Nutch is an open source web crawler written in Java. I had a previous post talking about Solr and Nutch integration, which mainly covered how you setup Nutch to run on local mode (without Hadoop) and integrate with Apache Solr for search. Today I am going to cover how we can run Nutch 1.6 on top of Hadoop.
1. Setup Apache Nutch 1.6
1.1a Setup Nutch from binary distribution:
This is no longer an option because the binary distribution by default in 1.6 is running on local mode.
1.1b Setup Nutch from source distribution:
- Download Nutch 1.6 source from http://www.apache.org/dyn/closer.cgi/nutch/.
- Unzip it and put the directory as $HOME/apache-nutch-1.6
- cd $HOME/apache-nutch-1.6
- Add your spider name as http.agent.name in conf/nutch-default.xml, for example:
<property>
<name>http.agent.name</name>
<value>My Nutch Spider</value>
</property> - run “ant” command.
- It should generate a directory called $HOME/apache-nutch-1.6/runtime.
1.2 Verify Nutch installation
run the following command:
cd ${NUTCH_RUNTIME_HOME}/deploy
bin/nutch
You are good to go if you are seeing the following:
Usage: nutch [-core] COMMAND
....
Troubleshooting tips:
1. Run the following command if you are seeing "Permission denied":
chmod +x bin/nutch
2. Setup JAVA_HOME if you are seeing JAVA_HOME not set.On Mac, you can run the following command or add it to ~/.bashrc:
export JAVA_HOME=/System/Library/Frameworks/JavaVM.framework/Versions/1.6/Home
2. Setup Solr 3.6 or 4.1 for search
2.1a Setup Solr 3.6 from source distribution
You can setup Solr from source distribution with Maven.

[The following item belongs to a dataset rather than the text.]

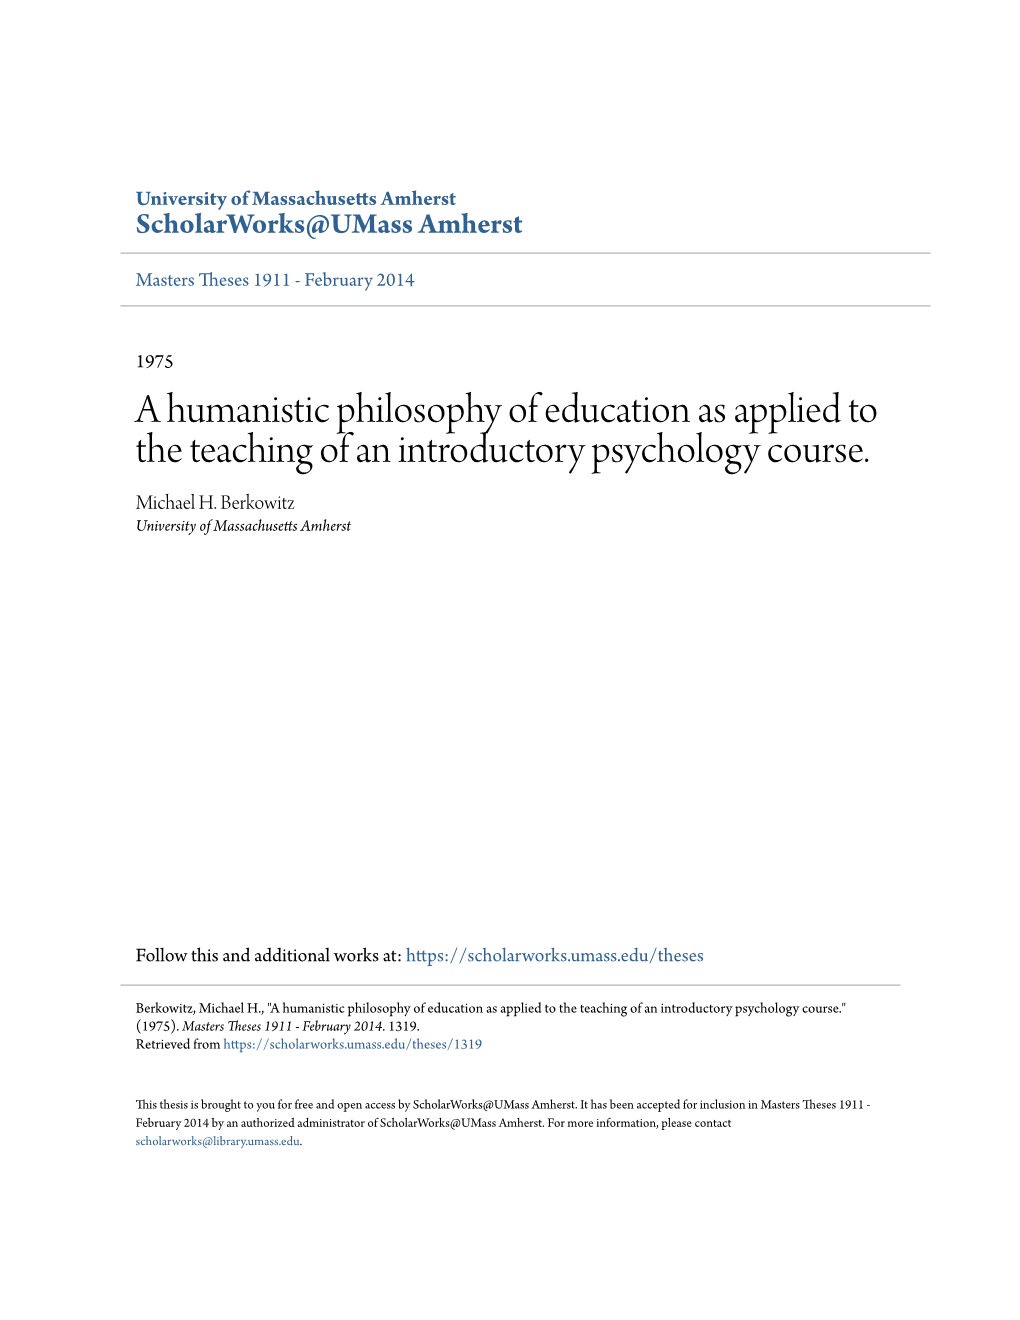 A Humanistic Philosophy of Education As Applied to the Teaching of an Introductory Psychology Course

The link below shows how to do that:http://thetechietutorials.blogspot.com/2011/06/how-to-build-and-start-apache-solr.html.
2.1b Setup Solr 3.6 from binary distribution
1. Download binary file from http://www.apache.org/dyn/closer.cgi/lucene/solr/.2. unzip apache-solr-3.6.2.zip
3. cd apache-solr-3.6.2/example
4. java -jar start.jar
2.2 Verify Solr installation
After you started Solr admin console, you should be able to access the following links:http://localhost:8983/solr/admin/
http://localhost:8983/solr/admin/stats.jsp
3. Setup Hadoop
You can skip this if you already setup Hadoop, otherwise, follow the instructions here.

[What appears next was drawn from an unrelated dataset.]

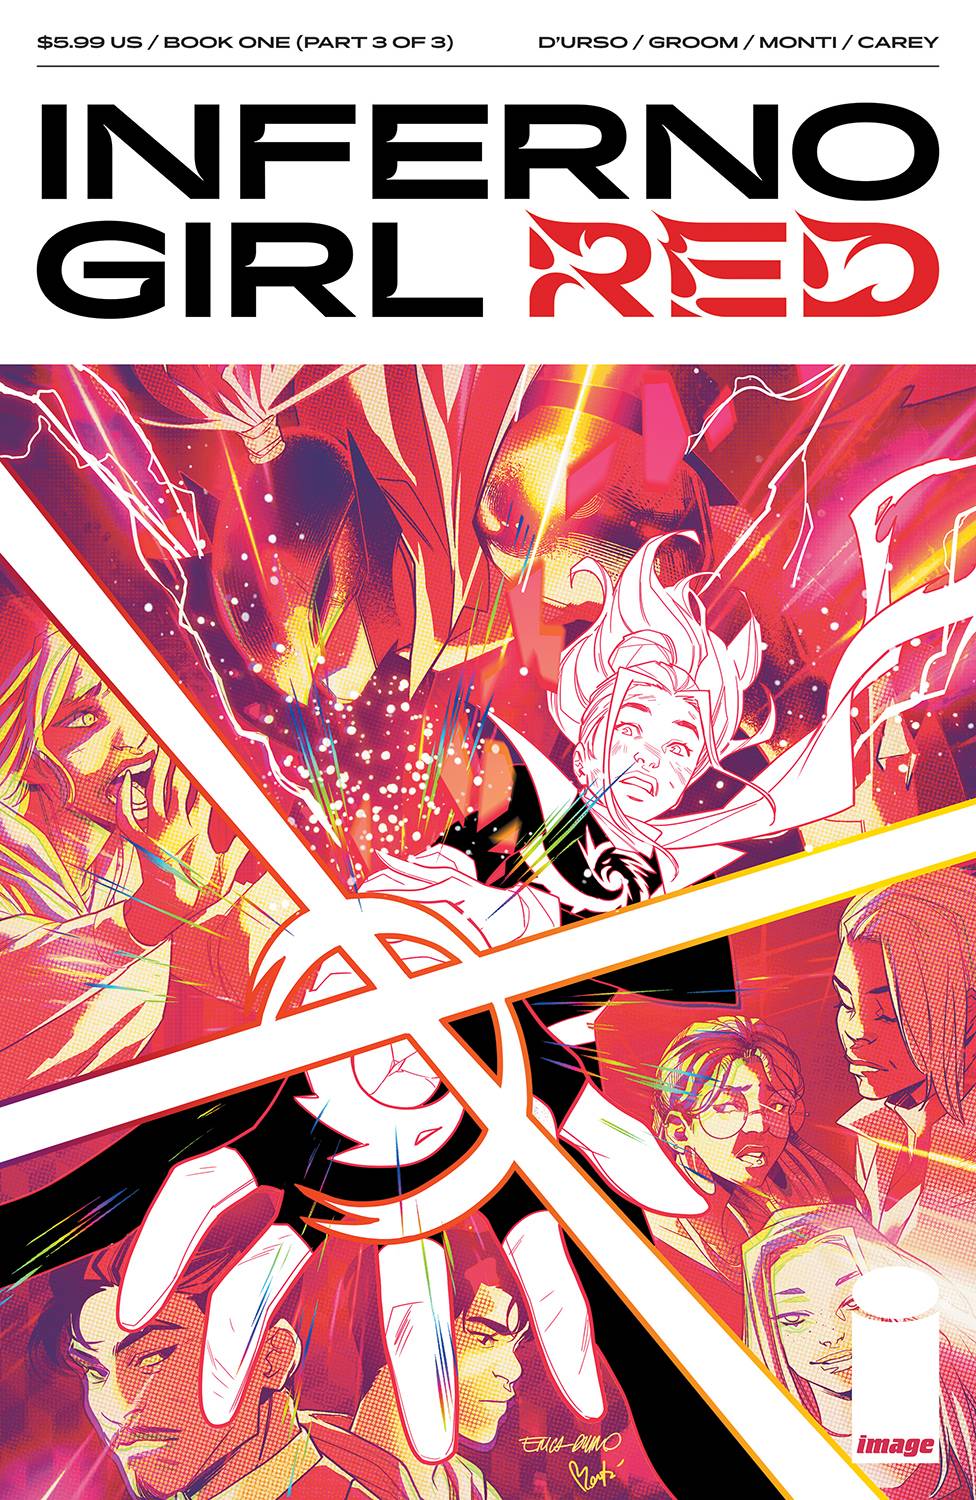 INFERNO GIRL RED BOOK ONE #3 (OF 3)

4. Integrate Solr with Nutch
We have both Nutch, Solr and Hadoop installed and setup correctly. Below are the steps to make hyperlinks to be searchable:- For Solr 3.*: Run the command:
cp ${NUTCH_RUNTIME_HOME}/conf/schema.xml ${APACHE_SOLR_HOME}/example/solr/conf/ - For Solr 4.*: Run the command below:
cp ${NUTCH_RUNTIME_HOME}/conf/schema-solr4.xml ${APACHE_SOLR_HOME}/example/solr/conf/and add "_version_" to schema.xml for concurrency control as below:
<field name="_version_" type="long" indexed="true" stored ="true"/>
- restart Solr with the command “java -jar start.jar” under ${APACHE_SOLR_HOME}/example
- Now we are ready to access http://localhost:8983/solr/admin/.
1. cd $HOME/apache-nutch-1.6/runtime/deploy
2. mkdir -p firstSite/urls
3. create a file nutch under firstSite/urls with the following content:
http://tutorial.waycoolsearch.com/
or any site you want Nutch to crawl.
4. Put the firstSite directory to HDFS.
hadoop fs -put firstSite firstSite
5.1 Run one of the following command if you don't want to send results to Solr yet:
hadoop jar apache-nutch-1.6.job org.apache.nutch.crawl.Crawl firstSite/urls -dir urls -depth 1 -topN 5
OR:
bin/nutch crawl firstSite/urls -dir urls -depth 1 -topN 5
5.2 Run the following command, which will crawl the sites and send results to Solr for searching:
bin/nutch crawl firstSite/urls -dir urls -depth 1 -topN 5 -solr http://localhost:8983/solr/
6. Now we are ready to search with http://localhost:8983/solr/admin/.
Note: You must miss 1.1b 4-5 if you are seeing the following error:
ERROR fetcher.Fetcher: Fetcher: No agents listed in 'http.agent.name' property.